Reading in the text file (assuming you don't know the length of the range it will create, so only the startingCell is given):
Public Sub ReadInPlainText(startCell As Range, Optional textfilename As Variant)
If IsMissing(textfilename) Then textfilename = Application.GetOpenFilename("All Files (*.*), *.*", , "Select Text File to Read")
If textfilename = "" Then Exit Sub
Dim filelength As Long
Dim filenumber As Integer
filenumber = FreeFile
filelength = filelen(textfilename)
Dim text As String
Dim textlines As Variant
Open textfilename For Binary Access Read As filenumber
text = Space(filelength)
Get #filenumber, , text
'split the file with vbcrlf
textlines = Split(text, vbCrLf)
'output to range
Dim outputRange As Range
Set outputRange = startCell
Set outputRange = outputRange.Resize(UBound(textlines), 1)
outputRange.Value = Application.Transpose(textlines)
Close filenumber
End Sub
Conversely, if you need to write out a range to a text file, this does it quickly in one print statement (note: the file 'Open' type here is in text mode, not binary..unlike the read routine above).
Public Sub WriteRangeAsPlainText(ExportRange As Range, Optional textfilename As Variant)
If IsMissing(textfilename) Then textfilename = Application.GetSaveAsFilename(FileFilter:="Text Files (*.txt), *.txt")
If textfilename = "" Then Exit Sub
Dim filenumber As Integer
filenumber = FreeFile
Open textfilename For Output As filenumber
Dim textlines() As Variant, outputvar As Variant
textlines = Application.Transpose(ExportRange.Value)
outputvar = Join(textlines, vbCrLf)
Print #filenumber, outputvar
Close filenumber
End Sub
Be careful when using Application.Transpose with a huge number of values. If you transpose values to a column, excel will assume you are assuming you transposed them from rows.

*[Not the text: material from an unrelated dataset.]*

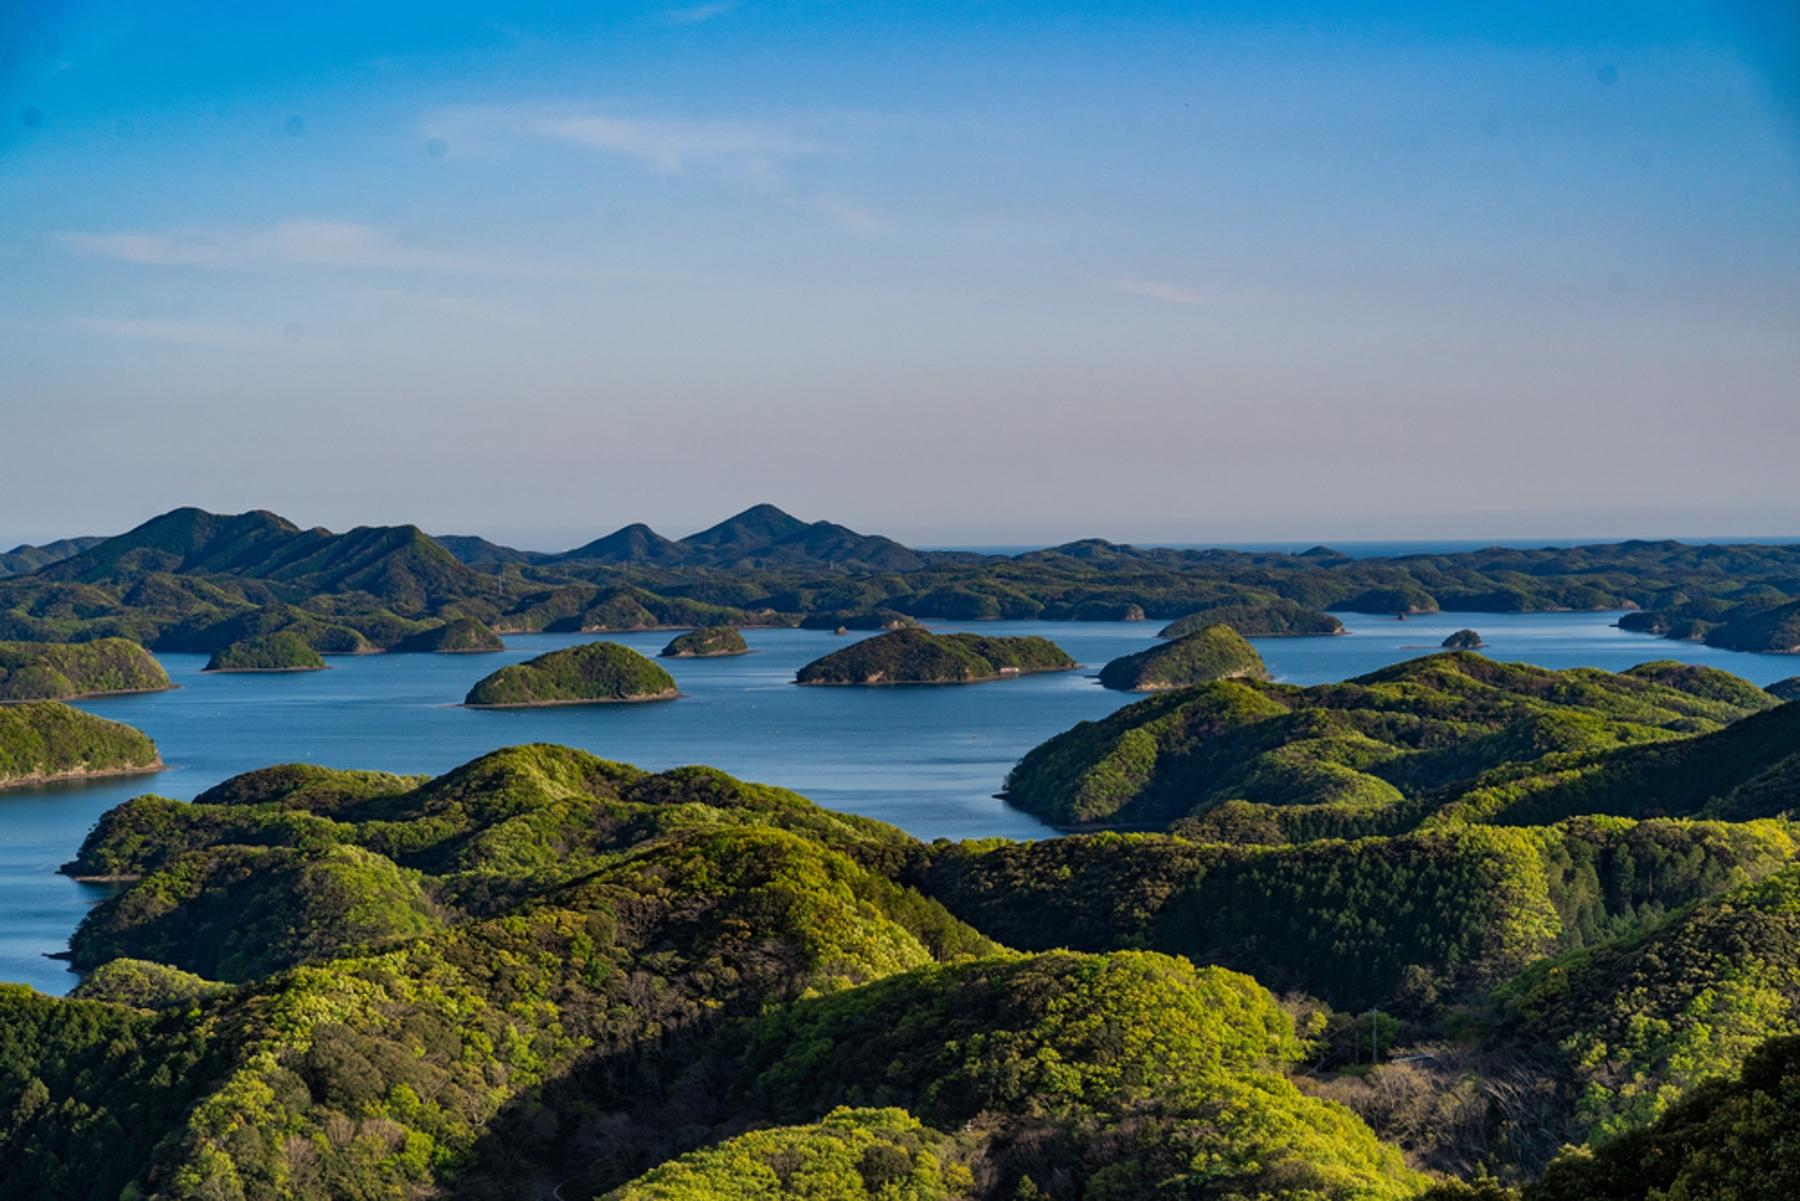 長崎県 壱岐対馬国定公園に指定されている絶景が広がる浅茅湾

Max Column Limit < Max Row Limit, and it will only display the first (Max Column Limit) values, and anithing after that will be "N/A"
I just wanted to share some of my results...
I have text files, which apparently came from a Linux system, so I only have a vbLF/Chr(10) at the end of each line and not vbCR/Chr(13).
Note 1:
This meant that the Line Input method would read in the entire file, instead of just one line at a time.
From my research testing small (152KB) & large (2778LB) files, both on and off the network I found the following:
Open FileName For Input: Line Input was the slowest (See Note 1 above)
Open FileName For Binary Access Read: Input was the fastest for reading the whole file
FSO.OpenTextFile: ReadLine was fast, but a bit slower then Binary Input
Note 2:
If I just needed to check the file header (first 1-2 lines) to check if I had the proper file/format, then FSO.OpenTextFile was the
fastest, followed very closely by Binary Input.
The drawback with the Binary Input is that you have to know how many characters
you want to read.
On normal files, Line Input would also be a good
option as well, but I couldn't test due to Note 1.
Note 3:
Obviously, the files on the network showed the largest difference in read speed. They also showed the greatest benefit from reading the file a second time (although there are certainly memory buffers that come into play here).